The rapidly increasing economic consequences of COVID-19 on the world of work are proving to be far worse than the 2008-9 financial crisis that hit the major countries, with retrenchment equivalent to nearly 200 million full-time workers.
With the number of COVID-19 cases tipping dangerously with 18,64,629 and the global deaths crossing more than 1,15,286 the World Health Organization (WHO) declared the virus outbreak a pandemic in the second week of March 2020, 4 months following the novel virus first made headlines.
The coronavirus pandemic has affected the economy fiercely by hitting many sectors globally. No matter where in the world or in which sector, the crisis is having a dramatic impact on the world’s workforce and consequently the economy.
Nearly 162 countries are steadily going into lockdown, businesses across the globe are operating in fear of an impending collapse of global financial markets. This circumstance, clubbed with slow economic growth in the previous year, especially in a developing country like India, is leading to extremely volatile market conditions.
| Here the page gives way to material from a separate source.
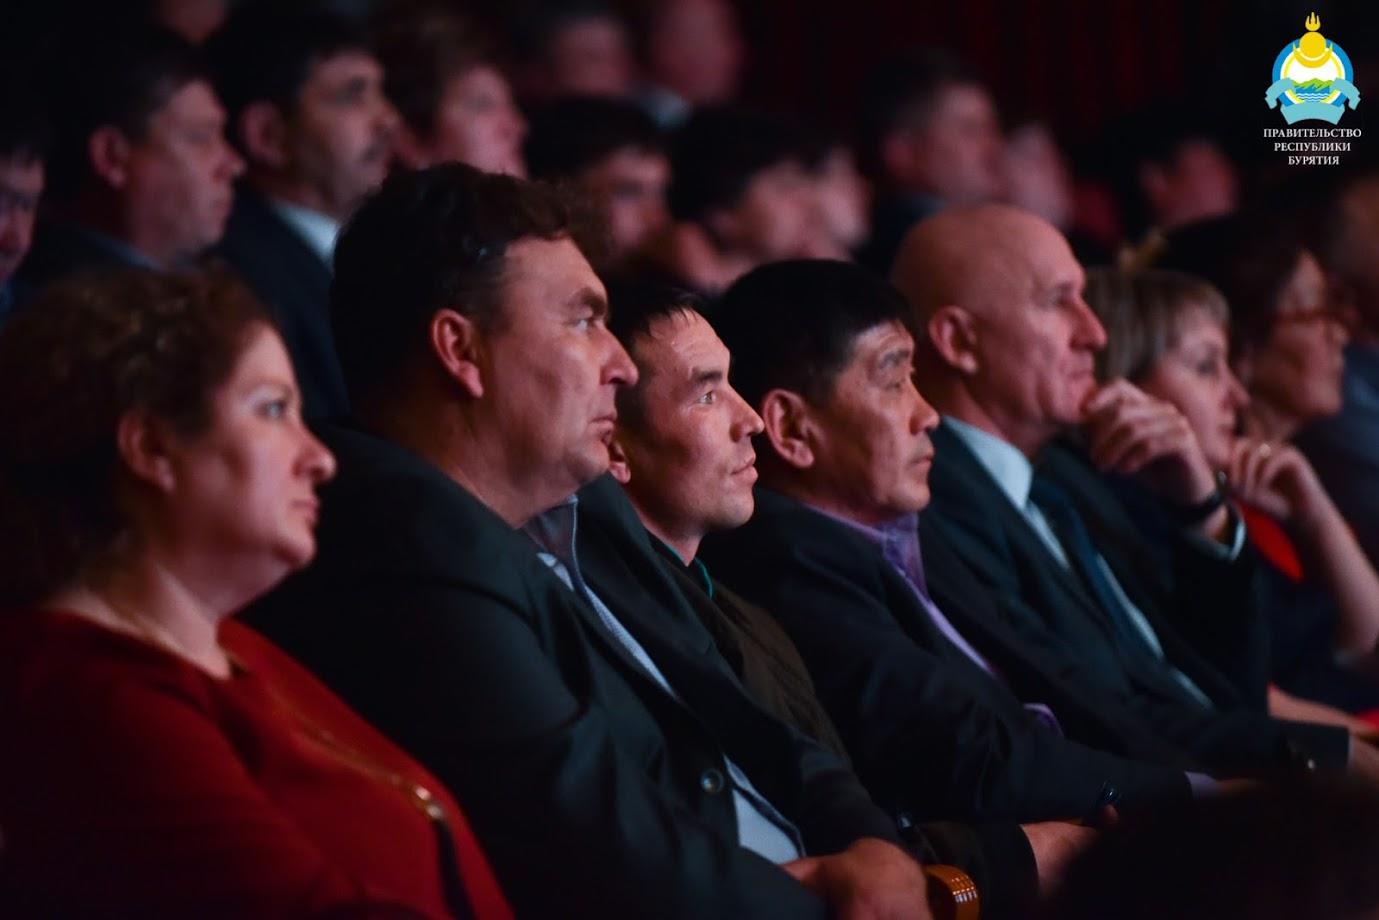 Алексей Цыденов: «Когда мы вместе возьмемся за дело, у нас всё получится»

With rising unemployment, interest rates, and fiscal deficit, the economy in India has seen better days. Adding fuel to this fire is the novel Coronavirus that is sending shocks down Indian trade markets dependent on China for imports.
Raw materials and spare parts
Nearly 55% of electronics imported by India originate from China. These imports have already slid down to 40% in light of the coronavirus outbreak and after lockdown. As a countermeasure, India is considering the promotion of indigenous production in a bid to reduce dependency on a single market.
Additionally, China is India’s third-largest export partner for export of raw materials like organic chemicals, mineral fuels, cotton, etc.; and a lockdown of the countries is likely to lead to a substantial trade deficit for India.
The toll on the pharmaceutical industry is of significant concern for India, mainly as 70% of active pharmaceutical ingredients (API) are imported from China. These active pharmaceutical ingredients are essential to a large number of pharmaceutical manufacturing companies in the country.
As COVID-19 has rapidly made its way through India, medication is going to be the number one consumer demand. Because there aren’t nearly enough APIs to manufacture drugs, the subsequent traders and the market are witnessing skyrocketing prices. The costs of vitamins and penicillin alone already see a 50% surge.
India is big on cultural and historical tourism, attracting domestic and foreign nationals throughout the year. It does not come as a surprise that a large number of confirmed COVID-19 cases in India include foreign tourists. But with visas being suspended and tourist attractions being shut indefinitely, the whole tourism value chain, which includes hotels, restaurants, attractions, agents, and operators are facing losses worth thousands of crores. Experts assume the tourism industry is likely to take a massive blow, and it could end up crippling the industry for the foreseeable future.
After the Government of India indefinitely suspended tourist visas, airlines are said to be working under pressure. Nearly 600 international flights to and from India were canceled for varying periods. Around 90 domestic flights had been canceled, leading to a sharp drop in airline fares, even on popular local routes.
Private airport operators have requested the Government to grant permission to impose a nominal passenger facilitation charge on airfares to cover the increased operating cost.
The learning curve
Every crisis serves as a learning opportunity for organizations, and this pandemic is proving to be quite the lesson. Here’s how organizations worldwide are figuring out their next moves.
With major cities on lockdown, organizations have had no choice but to dig into their business continuity and contingency plans. Numerous companies have initiated a ‘work from home’ drill using critical resources to understand whether remote working conditions are feasible.
That being said, remote working also has its limitations and cannot be carried out by other sectors like retail, hospitality, or manufacturing, leaving them no choice but to face business interruption. Already, 70% of companies had a digital transformation in place or were working on one, but it seems most companies were not far from accepting COVID-19 a non-issue.
It has caught the world off-guard and to see digital marketing service companies thriving and can go through this crisis is commendable.
It’s wondrous to see that digital marketing services are doing what they can to help their clients and recover from this crisis.
Whereas in urban areas, moreover, workers who work in economic sectors not only carry a high risk of virus infection but are also directly impacted by lockdown measures like waste recyclers, street vendors, food servers, construction workers, transport workers, and domestic workers.
Current lockdown actions have affected these workers significantly, forcing many of them to return to rural areas, ILO explained.